Recommender

Addshore Thu, 05 Aug 2021 03:34:09 -0700

Addshore added a comment.

  Before diving into the individual parts of the comments above the main points 
here seem to be:

  1. Is there a precedent for calling services that are external to Wikimedia 
production, from Wikimedia production
  2. Can we treat a service on WMCS in the same way (a service external to 
Wikimedia production)
  3. If so: What was / is the process for such a call to an external service

  ----------

  In T285098#7262291 <https://phabricator.wikimedia.org/T285098#7262291>, @Joe 
wrote:

  > First of all, I want to say that IMHO things would have gone smoother if 
you asked SRE for an opinion about the plan before it was put in motion. Keep 
this in mind for the future.

  So I did touch base back in in April, and we got guided toward potentially 
using the https://www.mediawiki.org/wiki/Technical_Decision_Forum
  But then the powers that be opted for direct WMDE -> WMF communication via 
email which ultimately lead us to 
https://wikitech.wikimedia.org/wiki/Cross-Realm_traffic_guidelines
  Which after this ticket coming up has since had some clarifying alterations 
https://wikitech.wikimedia.org/w/index.php?title=Cross-Realm_traffic_guidelines&type=revision&diff=1920750&oldid=1900570

  > Having said that, we don't usually allow any request to flow from 
production services to services running in WMCS for a few good reasons, 
regarding reliability, privacy, and security. I don't think we've ever made an 
exception to this rule, and I don't think we should make one in this case - but 
this is my own personal opinion.

  The precedent mentioned in the task description that we were directed to was 
calling other external to WMF production services from WMF production.
  The one example of this that springs to mind is the vision API, however I 
believe at least 1 more example has been offered in the past year.
  We totally agree that this is not the usual thing to do, but would like this 
case to be considered for one of the exceptions.
  Specifically talking to the 3 good reasons that for not doing this you raise, 
we believe that our case presents minimal risk there.

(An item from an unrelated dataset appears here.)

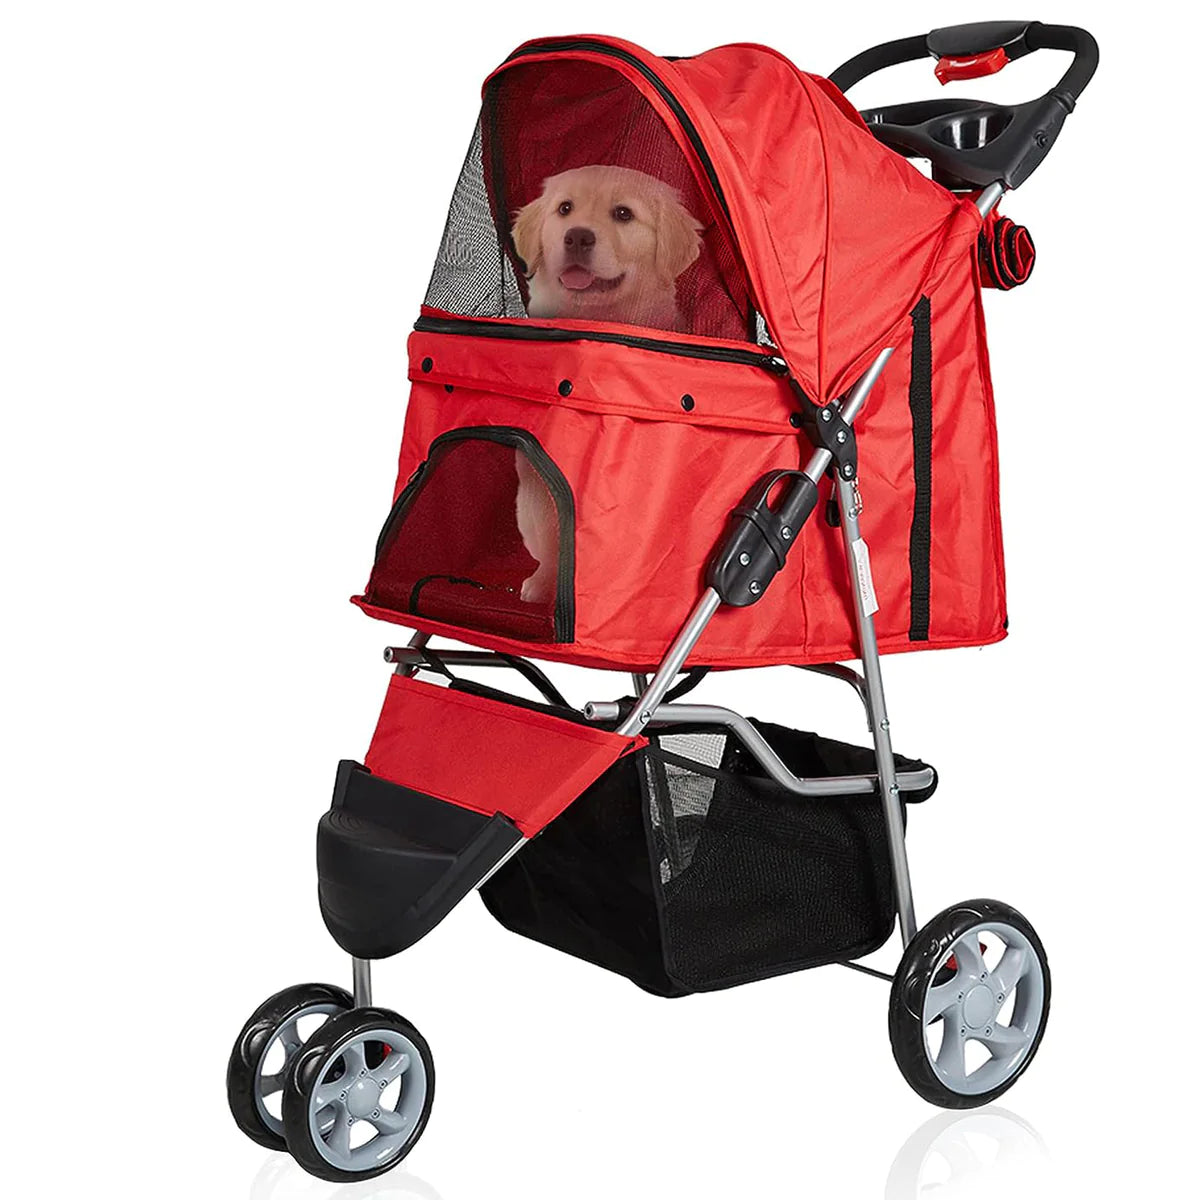 Dog Pet Jogger Stroller Folding Travel Carrier Cart for Small Cat Puppy, 3 Wheels

  > I would be interested in seeing if we can have a path forward that allows 
you to get what you want with minimum effort while deploying in production.
  >
  > I would say that **a security review cannot be skipped** even if you're 
running the code from WMCS - as it's involved in serving production traffic. 
The other things standing in your way are a production deployment and a 
performance review, AIUI.

  I totally agree that if this service is to be deployed to production, then it 
should have a full security review, performance review and go through the 
regular vigorous process to get deployed.
  However tying this into the precedent mentioned above, I highly doubt that 
external services that we call get a security review of their code etc, but 
indeed perhaps for the requests & responses and general risk. 
  Services running on WMCS (the Service we want to use in A/B testing) and 
routine Gerrit changes (which were made to the property suggestor extension) 
are also listed as things unlikely to get a review 
https://www.mediawiki.org/wiki/Security/SOP/Security_Readiness_Reviews

  > Given you already have a docker image coming from the pipeline, creating a 
dedicated chart shouldn't be much harder than running the scaffolding script, 
and we can create an LVS endpoint for it in a relatively short timescale, so 
that you can get to production (a few weeks I think). I can't speak for the 
performance team, but I think you can ask for the performance review to happen 
with the service already deployed for the inital phases of your A/B testing.
  >
  > This path seems more reasonable to me than creating an exception to serve 
production traffic from WMCS. Does it sound unreasonable / irrealistic to you?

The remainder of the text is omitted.